> _The problem_
No pictures belong in the result; set down exactly the lines from the one containing "The Beaumont Elite" through the final line of the listing, and nothing more.

> _Material provided_

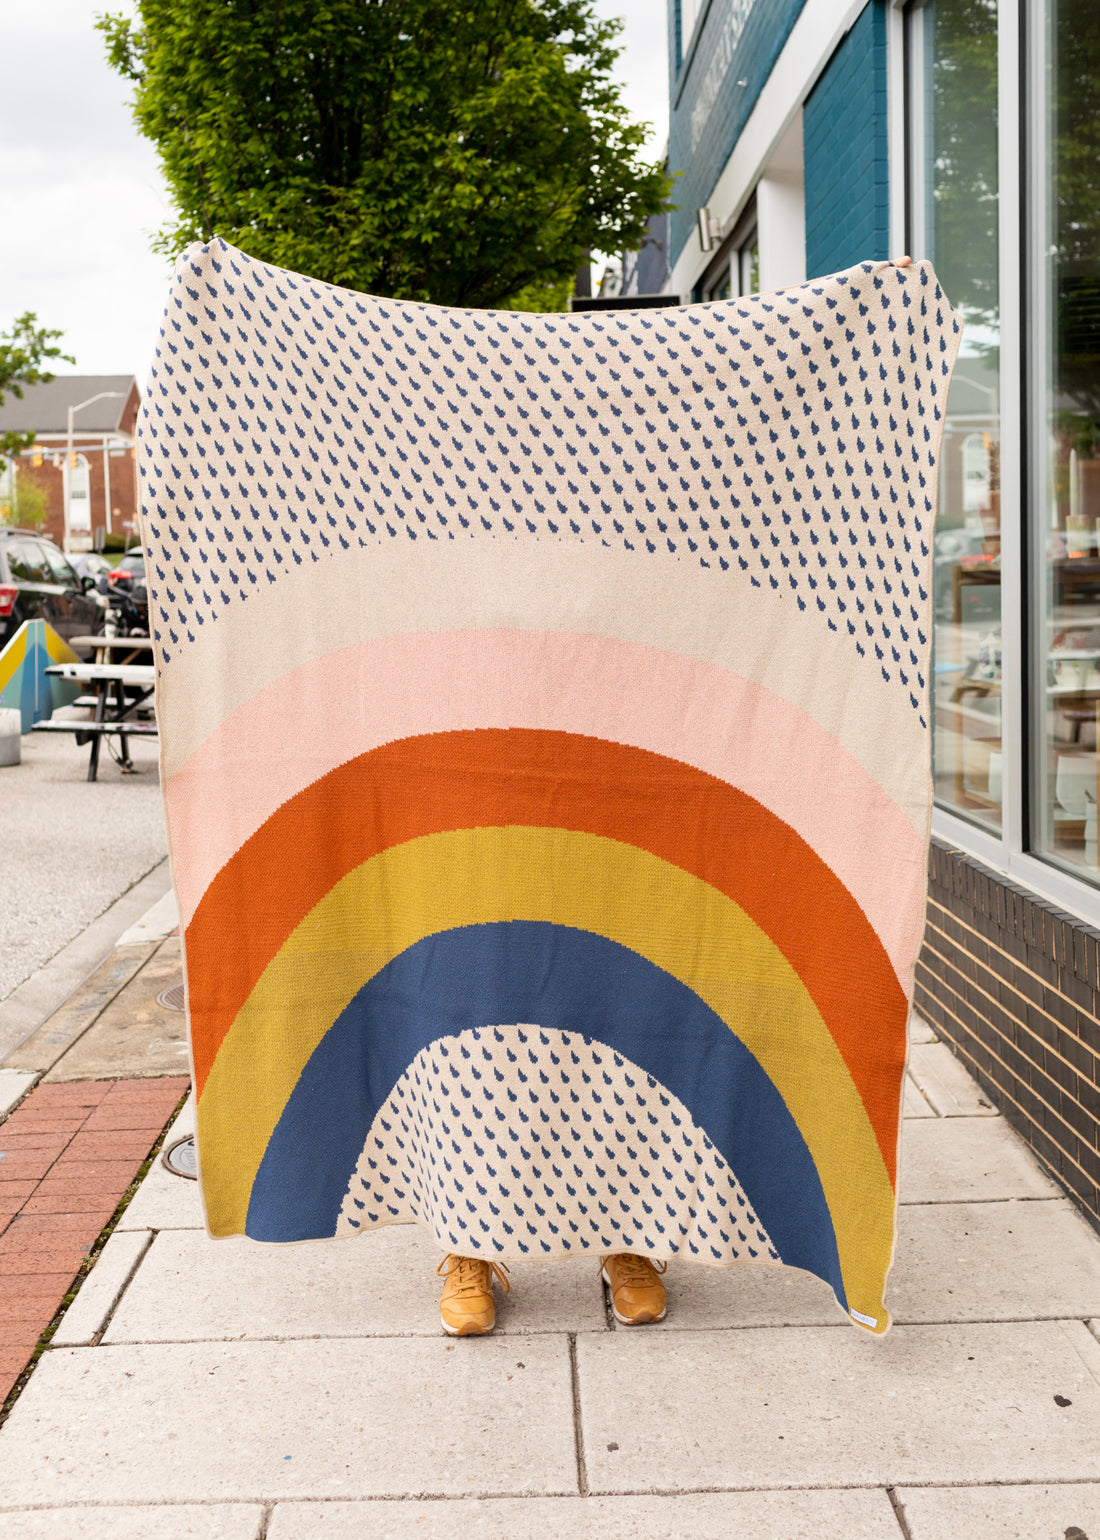 A woman holding up a blanket outside with blue raindrop dots throughout and a big rainbow in different colors on the blanket
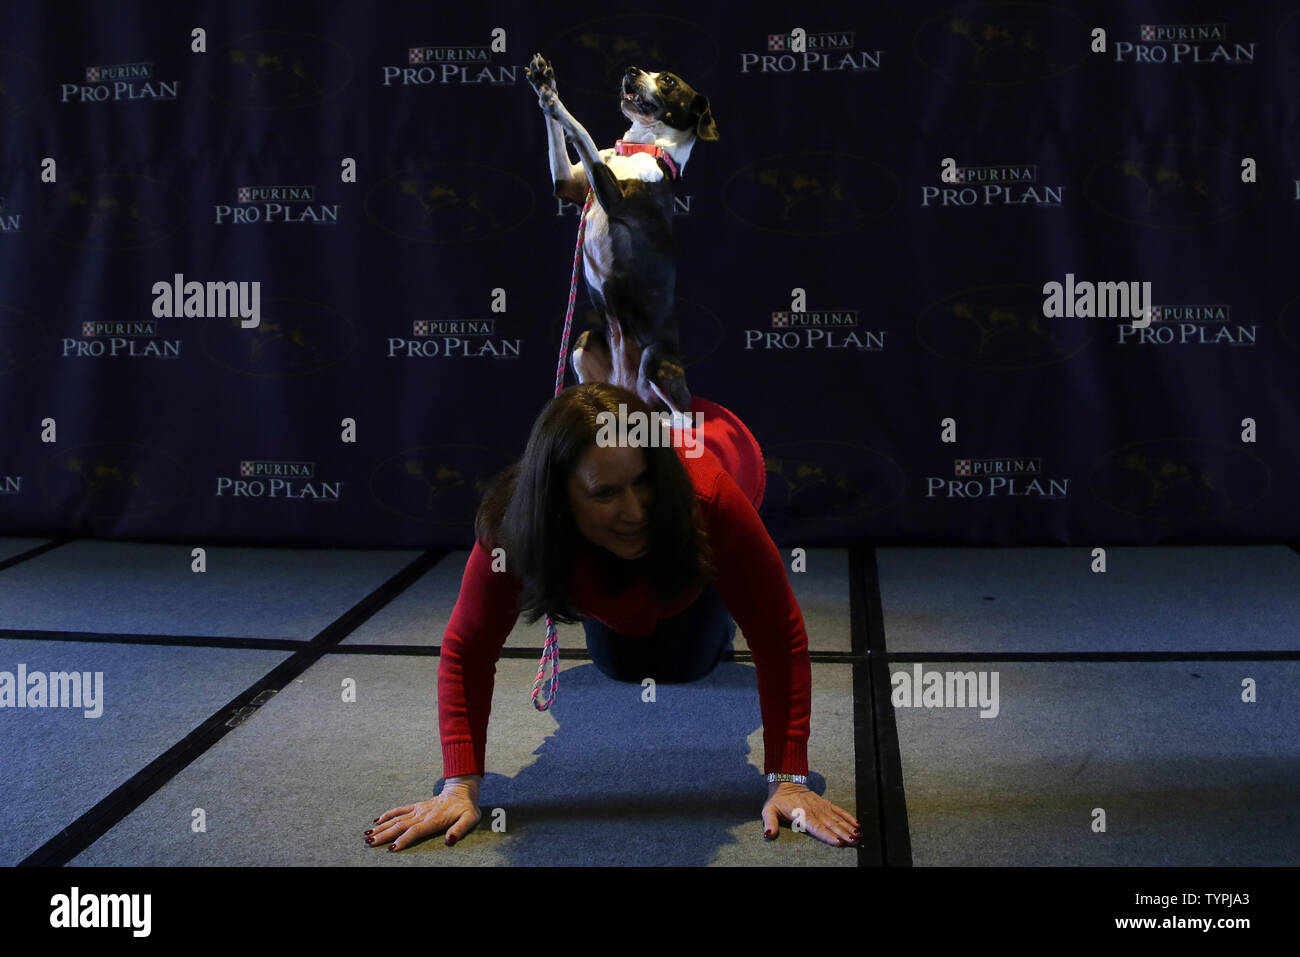 Karen Profenna of New City, New York demonstrates agility with Mixed Breed dog Hailey at a press conference just weeks before the 139th Annual Westminster Kennel Club Dog Show in New York City on January 21, 2015. The first Westminster show was held on May 8, 1877, making it the second-longest continuously held sporting event in the United States behind only the Kentucky Derby, which was first held in 1875.  Photo by John Angelillo/UPI Stock Photo
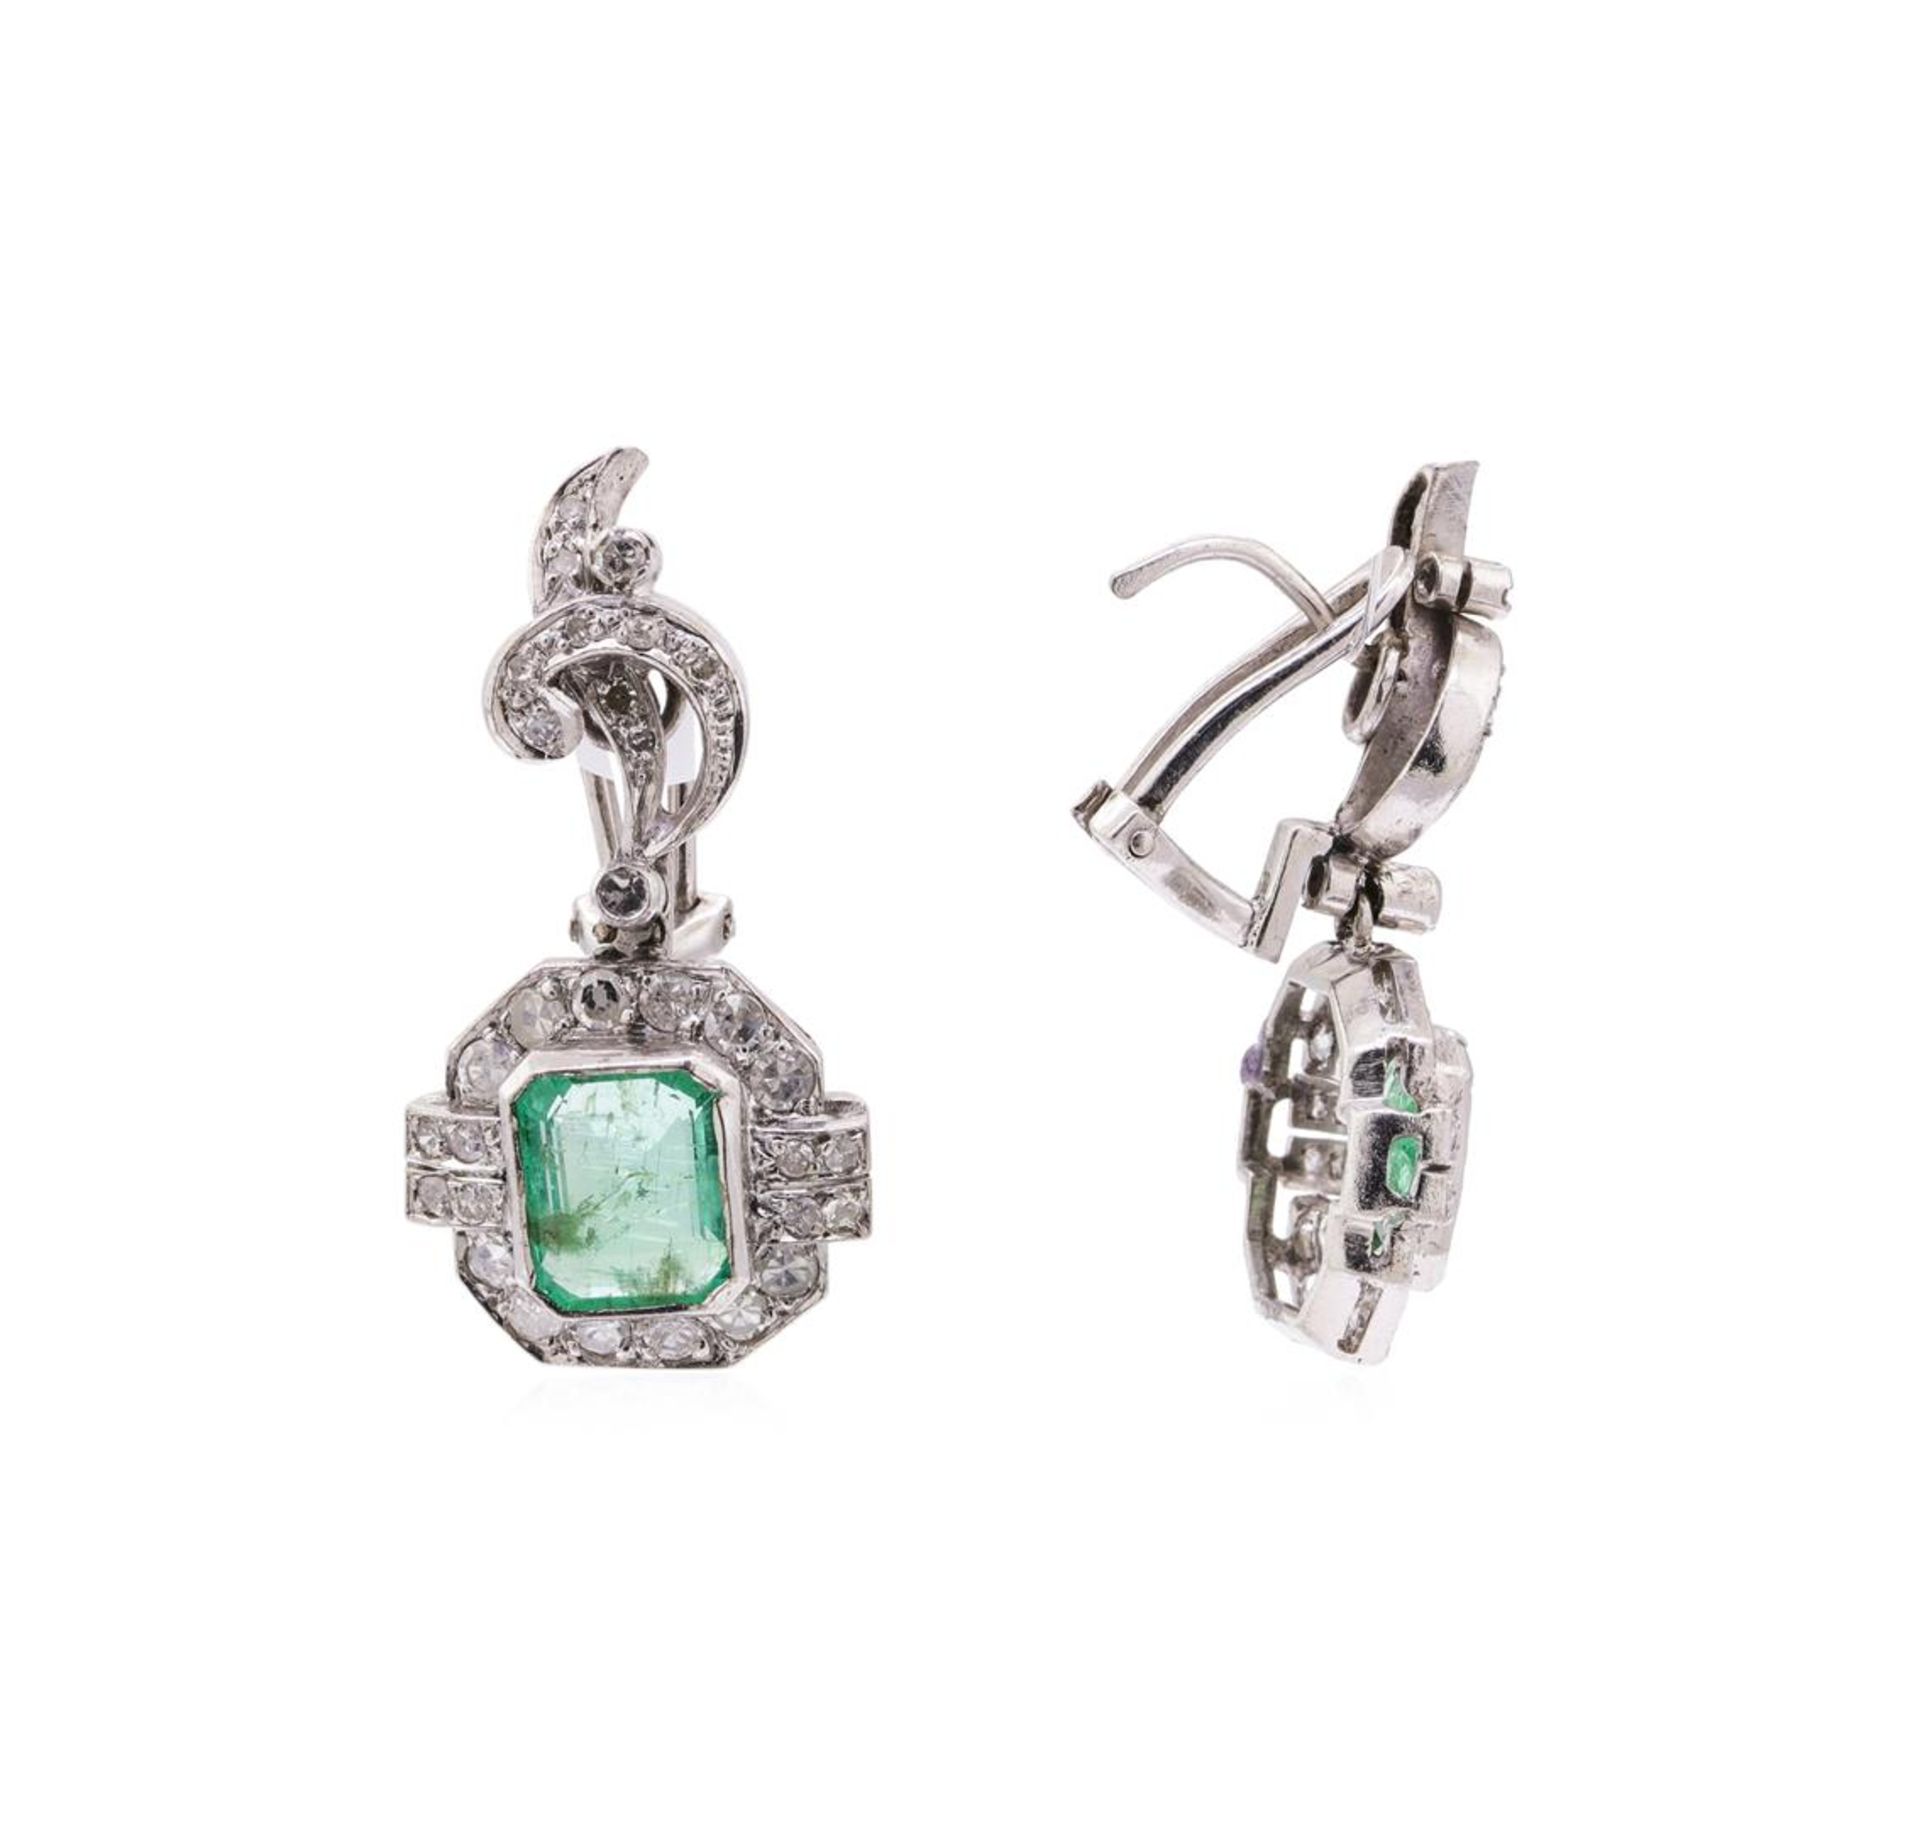 7.80 ctw Emerald And Diamond Ring And Earrings - 14KT White Gold - Image 6 of 7
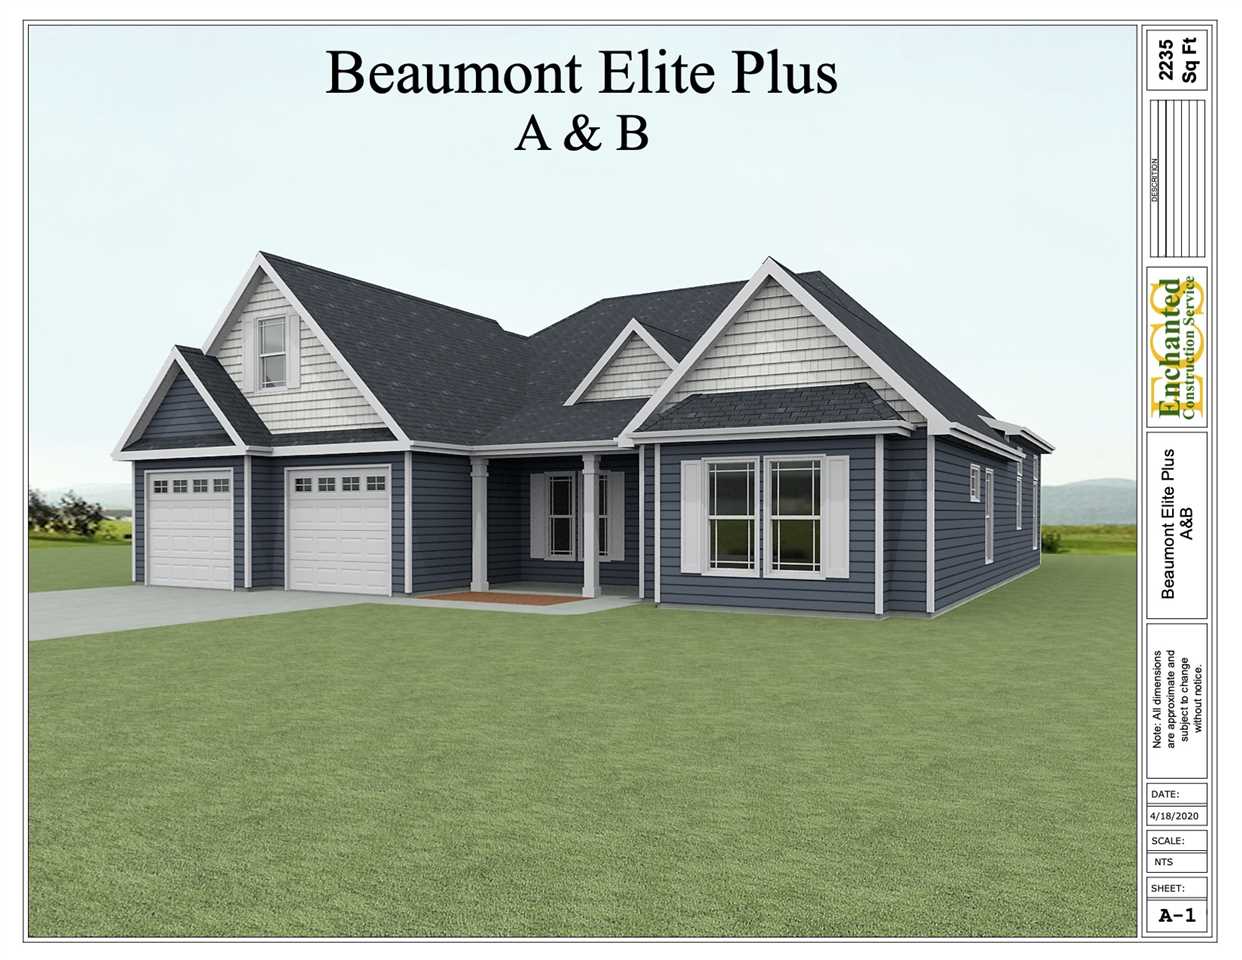 The Beaumont Elite plus has 3/4 bedroom 2.5 bath with 2235 square feet built in beautiful Bruce Harbor on Lake Lyman. The home features an oversized 2 car garage plenty of room for your boat and toys. This home will feature granite counter tops, 5 inch engineered hardwood floors, crown molding, and a covered patio off the Breakfast Nook.
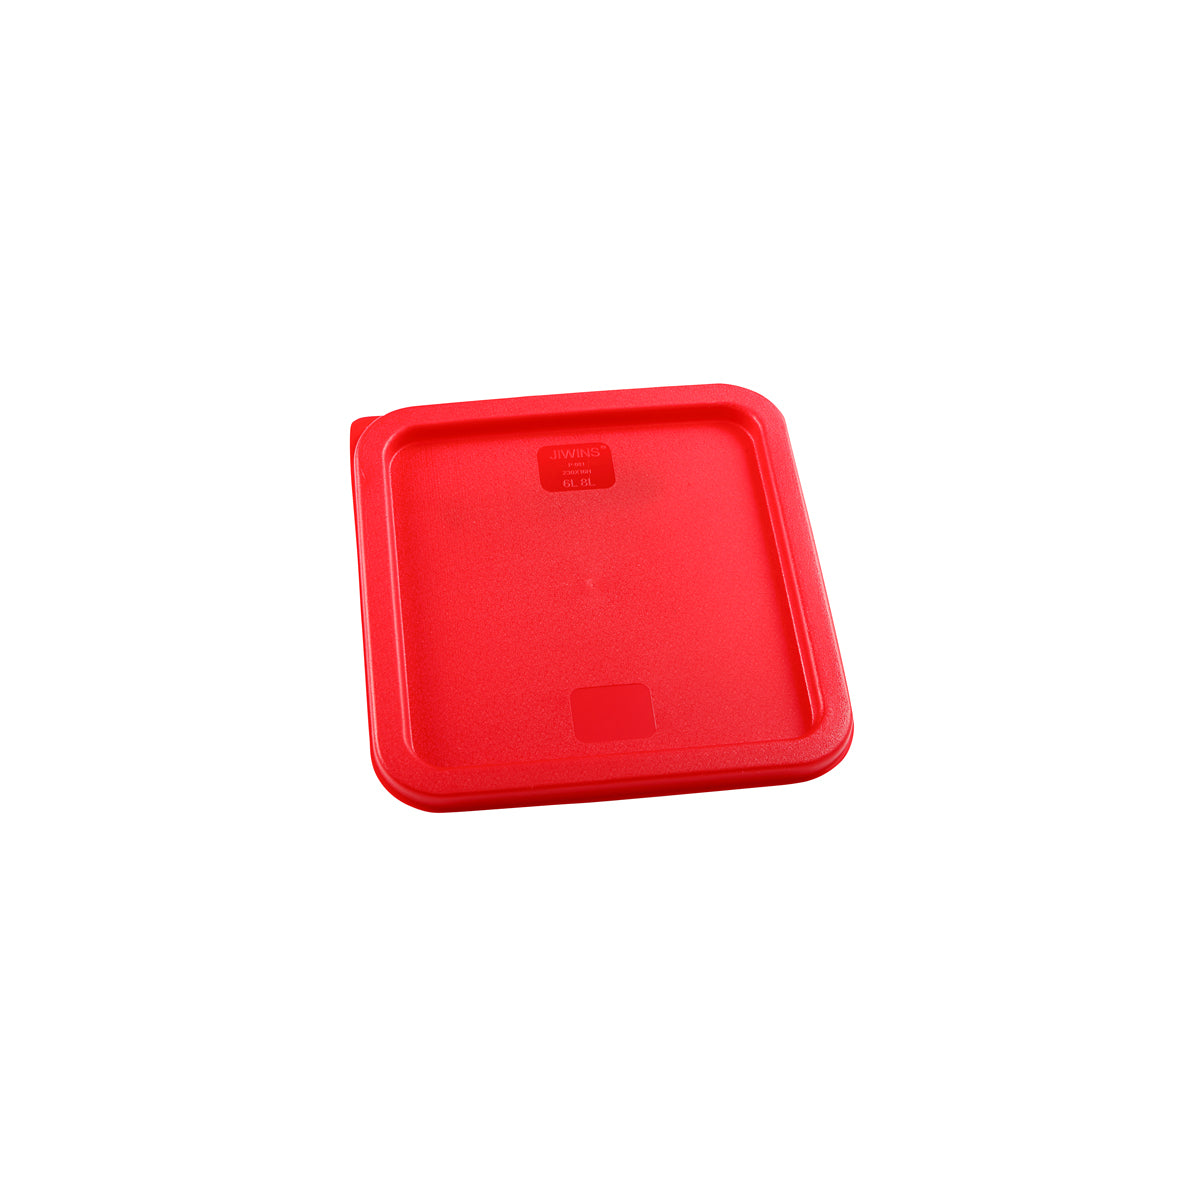 JW-P-081 Jiwins Square Lid to Suit Food Container Red 230x230x16mm Tomkin Australia Hospitality Supplies

> _Result of the exercise_
 The Beaumont Elite plus has 3/4 bedroom 2.5 bath with 2235 square feet built in beautiful Bruce Harbor on Lake Lyman. The home features an oversized 2 car garage plenty of room for your boat and toys. This home will feature granite counter tops, 5 inch engineered hardwood floors, crown molding, and a covered patio off the Breakfast Nook.
 JW-P-081 Jiwins Square Lid to Suit Food Container Red 230x230x16mm Tomkin Australia Hospitality Supplies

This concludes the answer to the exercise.